Con el mismo instinto que la lanzó terraplén abajo, hacia los restos de su familia, Julia se puso en pie y corrió a la carnicería. Los tres hombres estaban muertos, dos con la cabeza destrozada y un tercero eviscerado desde la ingle hasta el cuello. Roderich se arrodilló despacio, con las manos enormes sobre el pecho herido. Tosía, se axfisiaba con la sangre que surgía a bocanadas desde el hocico y las fauces.

«Neumotórax abierto». Lo atendió sin pensar, porque era el único vivo. Arrancó un impermeable del perchero y lo plegó sobre las heridas intentando bloquear la entrada del aire. ¿Cuántos impactos tenía? Demasiados.

«No tengo apósitos, ni vendas, ni oxígeno. Ni manos suficientes». Sintió correr lágrimas de impotencia. Rodrerich tomó aire ¿Había conseguido detener el colapso pulmonar? El gigantesco pecho borboteó bajo sus manos como si la carne fuera gelatina hirviendo y expulsó trozos de metal retorcido. Se deslizaron entre los dedos de Julia y cayeron repiqueteando al suelo. Los chorros de sangre se transformaron en un goteo, luego pararon por completo. Roderich se incorporó escupiendo coágulos y flema.

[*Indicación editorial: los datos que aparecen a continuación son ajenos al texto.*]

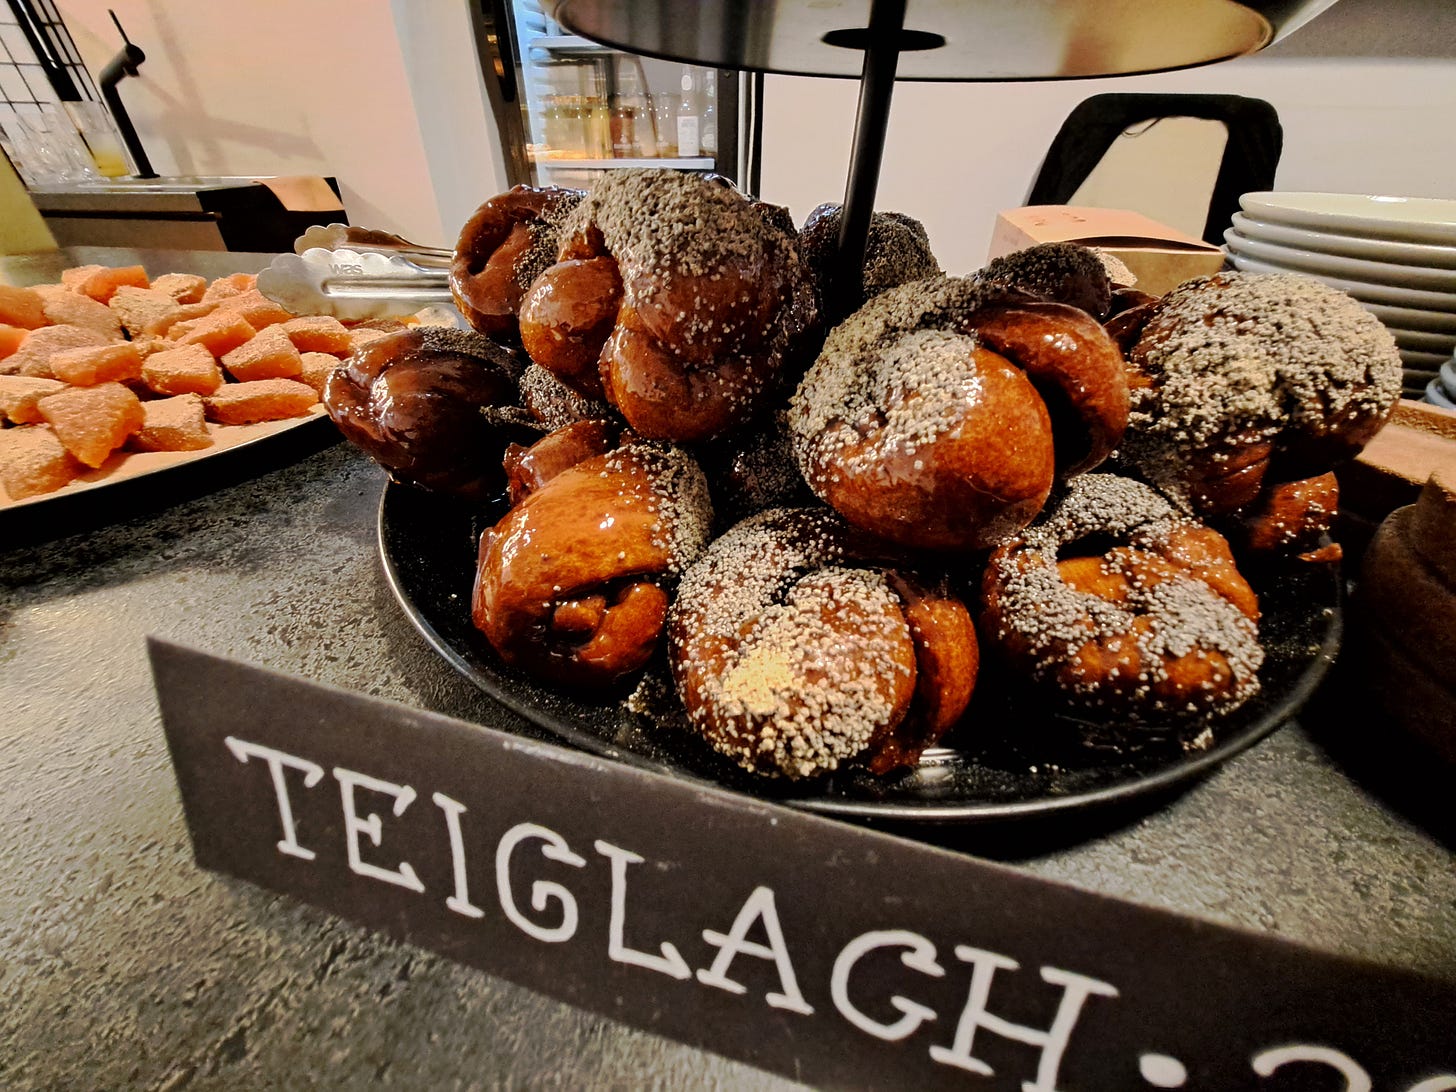 Teiglach at bakery counter in Vilnius, Lithuania
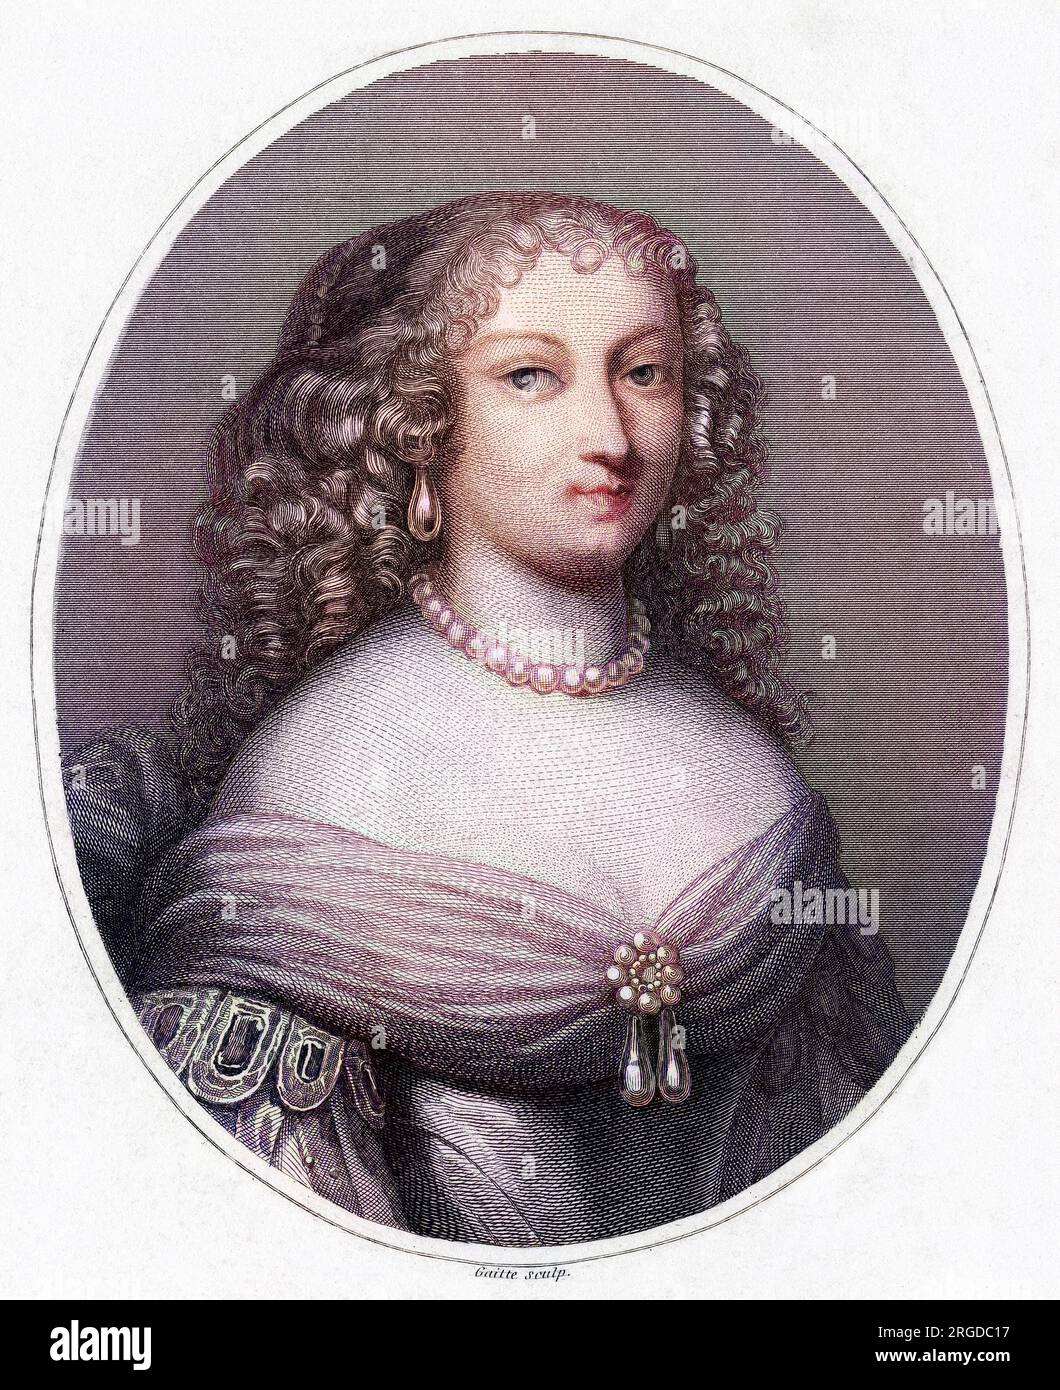 MARIE DE HAUTEFORT, duchesse de SCHOMBERG Influential French court lady, confidante of cardinal Richelieu. Stock Photo

—Ilbreichhh —articuló con una boca que no estaba formada para hablar. Señaló hacia la cocina—. Sstearinlysss. (1)

—Dios. —Julia retrocedió mientras él se alzaba. La carne se cerraba ante sus ojos, el pelaje crecía de nuevo—. Dios.

Los pies se le enredaron y cayó hacia atrás, entre los cadáveres. Se giró e intentó gatear hacia la puerta. Sentía las piernas y los brazos lentos como en las pesadillas. Una mano inmensa la tomó por la cintura y la alzó como a un gatito.

Nei.

La cargó con un solo brazo y se tambaleó hacia la cocina. El suelo y las paredes sangrantes pasaron frente a los ojos de Julia como en una película. «Qué dientes más largos tienes. ¿Eso del suelo era el leñador que venía a salvarme?»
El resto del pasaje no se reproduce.